# Lumps on hind legs



## rabernathy (Jul 26, 2014)

My 13 month old pup, Cortez ("affectionately referred to as "Cortezo") seems to have a movable lump on the back of each hind leg, one is noticeably larger than the other. I just noticed them today. I did some reading online and it seems there are a million possible explanations, from cancer to calcium deposits. I think it is odd that there are two, one on each leg in nearly the same spot, but not the same size. It seems like if it were a tumor of some kind there would only be one, or at least not two in seemingly the exact same spot on each leg. Right?

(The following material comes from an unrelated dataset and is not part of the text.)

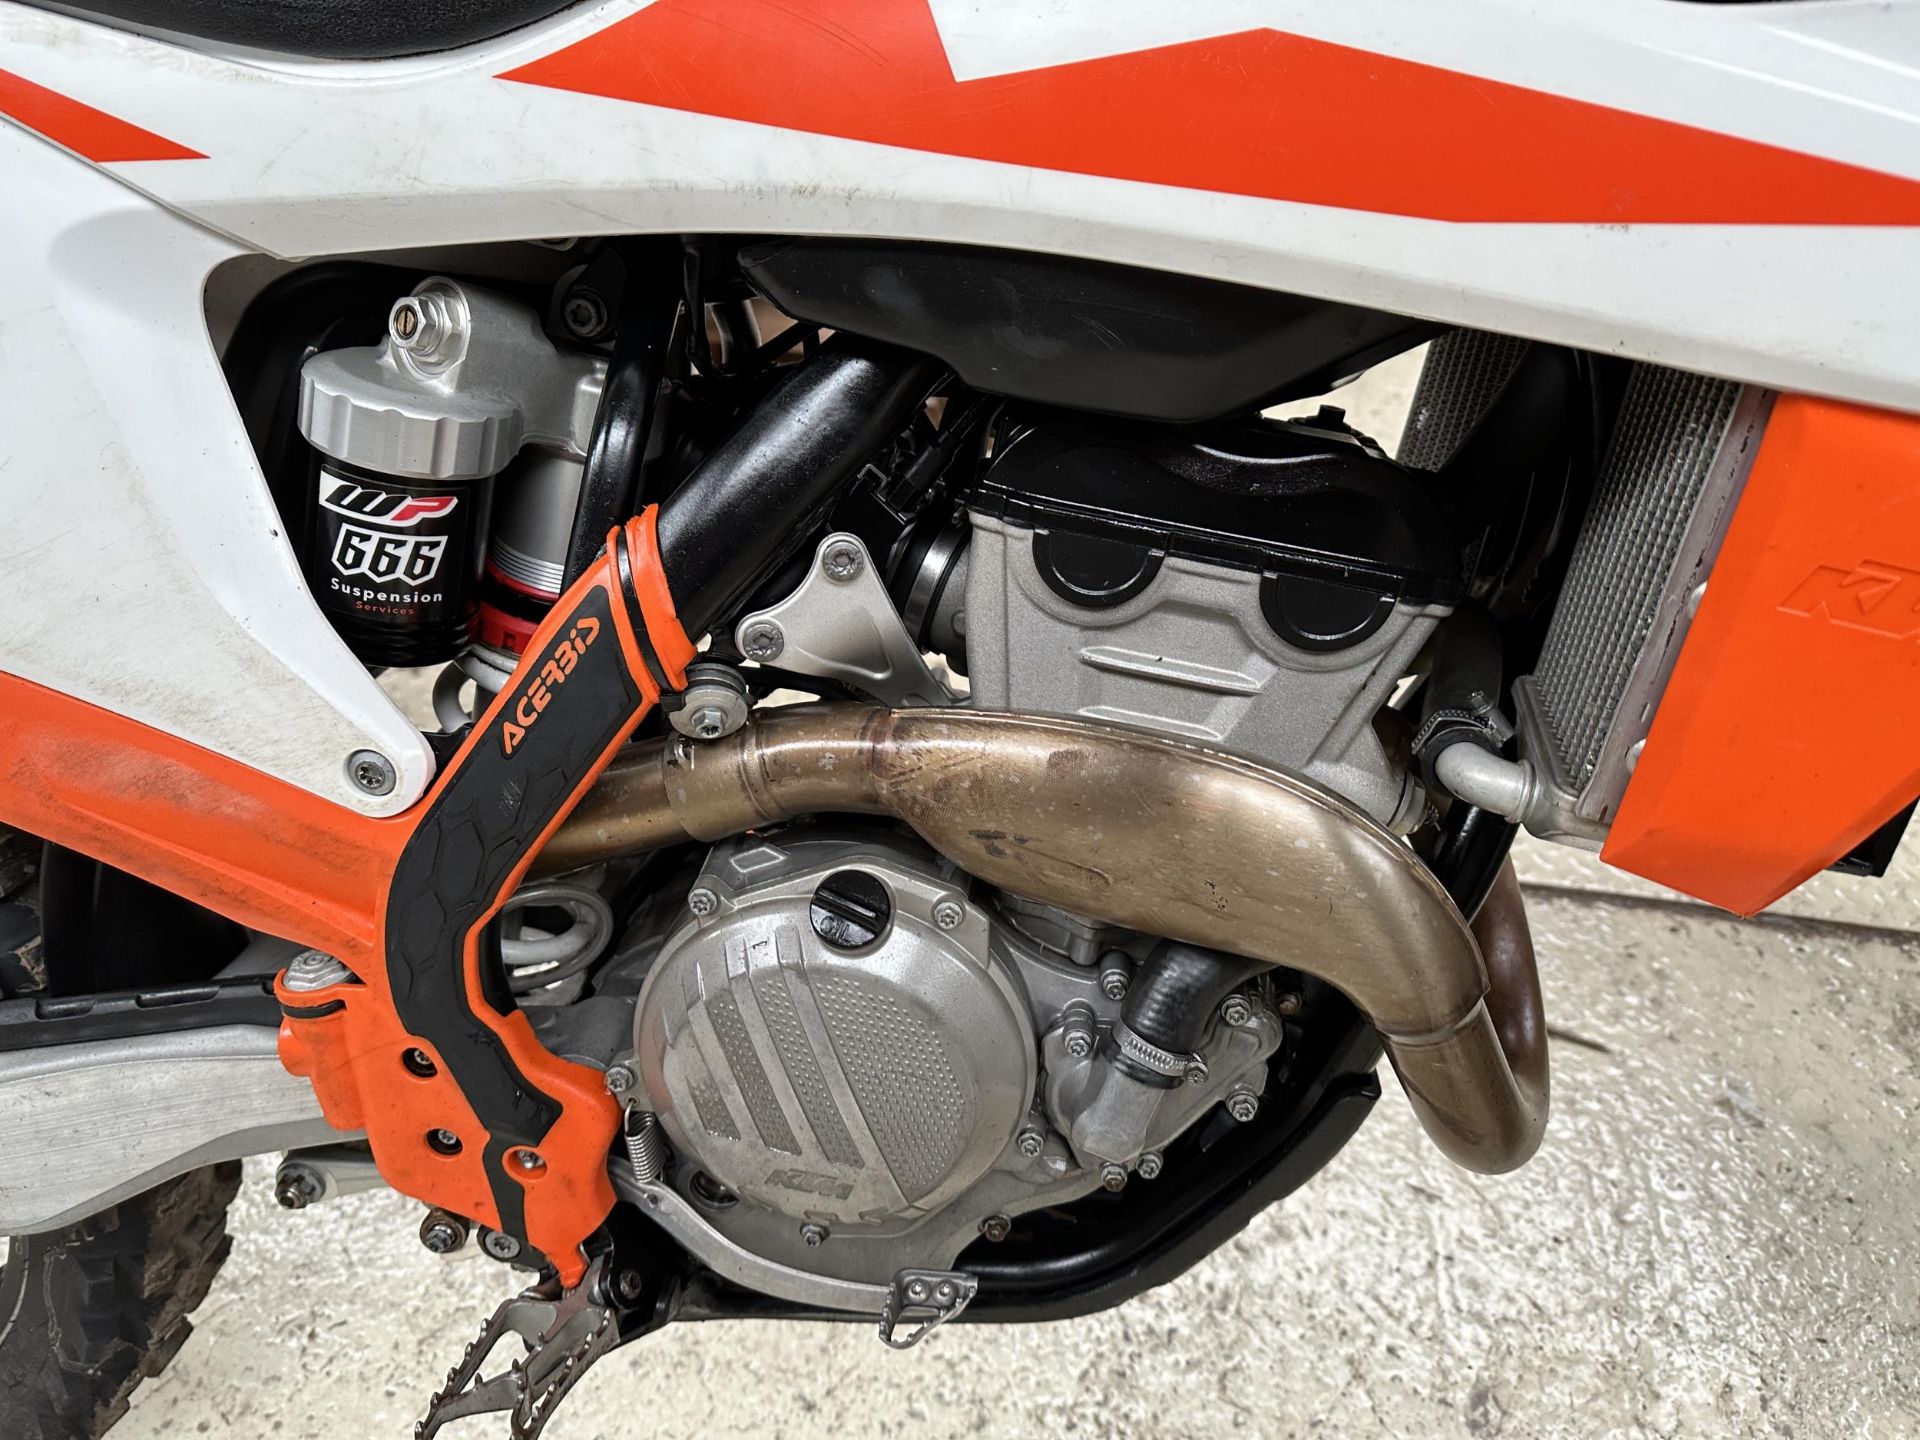 2019 KTM 250 SXF MOTORBIKE 158 HOURS PISTON & CAM CHAIN DONE 40 HOURS AGO. MAP SWITCH BUTTON, - Image 6 of 9

What is happening here? Any ideas? Thanks for any feedback.








[/URL][/IMG]








[/URL][/IMG]








[/URL][/IMG]


----------



## ::::COACH:::: (Apr 4, 2012)

If its near the hock I'd think maybe some sort of thickening of the skin, almost like a callous? But to be safe I'd take him to the vet to rule anything funky out. Some dogs get fatty deposits and they are ok.


----------



## rabernathy (Jul 26, 2014)

Thanks, yeah, I think I'll take him to the vet, just to get a "professional" opinion, though I hate to do it.


----------



## Froggy (Jul 5, 2014)

Yes, I agree with Coach, vet him to make sure. But I will put in my two cents as well on what I think it is. You see, the same thing happened to my friend's dog, Moo. One day we noticed too large lumps on each back leg almost exactly in the same spot. And by the second pic you posted, its close to where her's were too. They took her to the vet, we talked the next day. My friend told me her vet said that there are glands and they had became inflamed. Personally, in Moo's case it wasn't so bad, but it can be. So yeah, I'd deffinantly take him to the vet if I were you. Never can be too careful.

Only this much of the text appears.